If the primary responsibility of Modi’s government is to the poorest people of the country — as the Indian premier boldly put across the message to Kerry in August 2014 — what made India’s arguably most popular political figure in recent times, abandon his strong nationalistic stand and start behaving obsequiously in a year’s time?

Government sources reveal Commerce Minister Nirmala Sitharaman, invitee to the select group of countries which negotiated the final text of the Nairobi agreement, capitulated after Modi refused to give permission to the Indian delegation to seek amendment to the Nairobi ministerial declaration or block it as a last resort. To be fair, an outspoken Sitharaman and her team did put up a gallant fight for the cause of Indian farmers’ rights and national food sovereignty, before being fettered by the highest political leadership’s invisible guidance midway. No wonder why a subdued Sitharaman expressed her “deep disappointment” at India’s red lines being breached without any reaffirmation of the Doha Development Agenda in the final ministerial agreement.

Indeed, no concrete agreement on a special safeguards mechanism to protect farmers in the developing world against sudden import surges could be reached and neither did the final declaration mention any short deadline for a permanent solution on public stockholding for food security purposes. A mere promise to negotiate an unspecified safeguard mechanism for developing countries was the icing on the cake. Besides, new issues like competition policy, government procurement and investments are now open for future negotiations. Does Modi realize that by preventing Sitharaman to go her predecessors Murasoli Maran, Kamal Nath or even Arun Jaitley’s way of not ceding ground to countries discreetly encouraging ultra-protectionist and trade-distorting policies and actions, he has only ensured that India will pay a far heavier price in future negotiations? What prevented India from using export competition pact and export subsidy issues as bargaining chips in Nairobi? How is it that the Indian leadership failed to gauge the rich nations’ mood even though they have openly pronounced, prior to the Nairobi meet, the world must have the courage to look, think and act beyond Doha? Was Modi not aware that the developed world has always maintained that countries like India and China cannot ask for concessions envisaged in the Doha mandate? And at the end of the day, rich nations’ representatives were able to drive a wedge by pitting the least developed and vulnerable countries against developing world’s frontline economies.
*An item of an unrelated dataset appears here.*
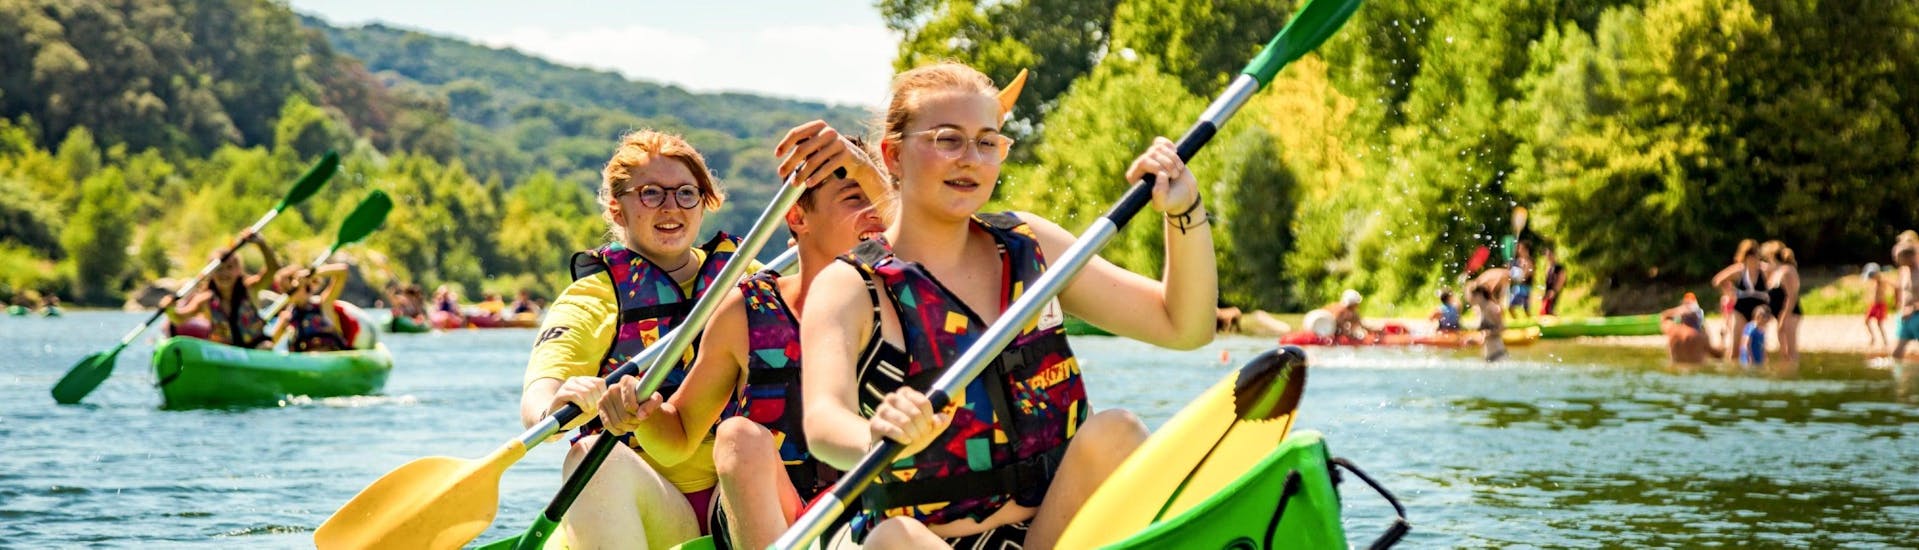 Drei Freunde nutzen ihre 8 km lange Kanutour am Pont du Gard mit Kayak Vert, um auf dem Gardon zu paddeln und sich zu amüsieren.

Unfortunately, Modi, like his western counterparts, believes that state support is killing Indian farmers as heavy subsidy has created a massively distorted domestic farm market. Modi, says sources close to him, is confident that Indian farmers if unshackled can compete successfully on the world stage. But then, Modi needs to be reminded that while there is a need to introduce domestic reforms in farm sector unilaterally, the government must not surrender its existing flexibility to formulate public policies favorable to poor farmers and consumers.

As rightly pointed out by eminent Indian geneticist M.S. Swaminathan, the Nairobi meet output failed to differentiate farmers in poor nations, taking to agriculture for livelihood security, from those in industrialized countries, to whom farming is a profitable business model. Worse still, Swaminathan predicts WTO Nairobi will exacerbate food insecurity instead of fulfilling United Nations’ zero-hunger goal.


Disclaimer: Views expressed by writers in the Column section are their own and do not reflect RiyadhVision’s point-of-view.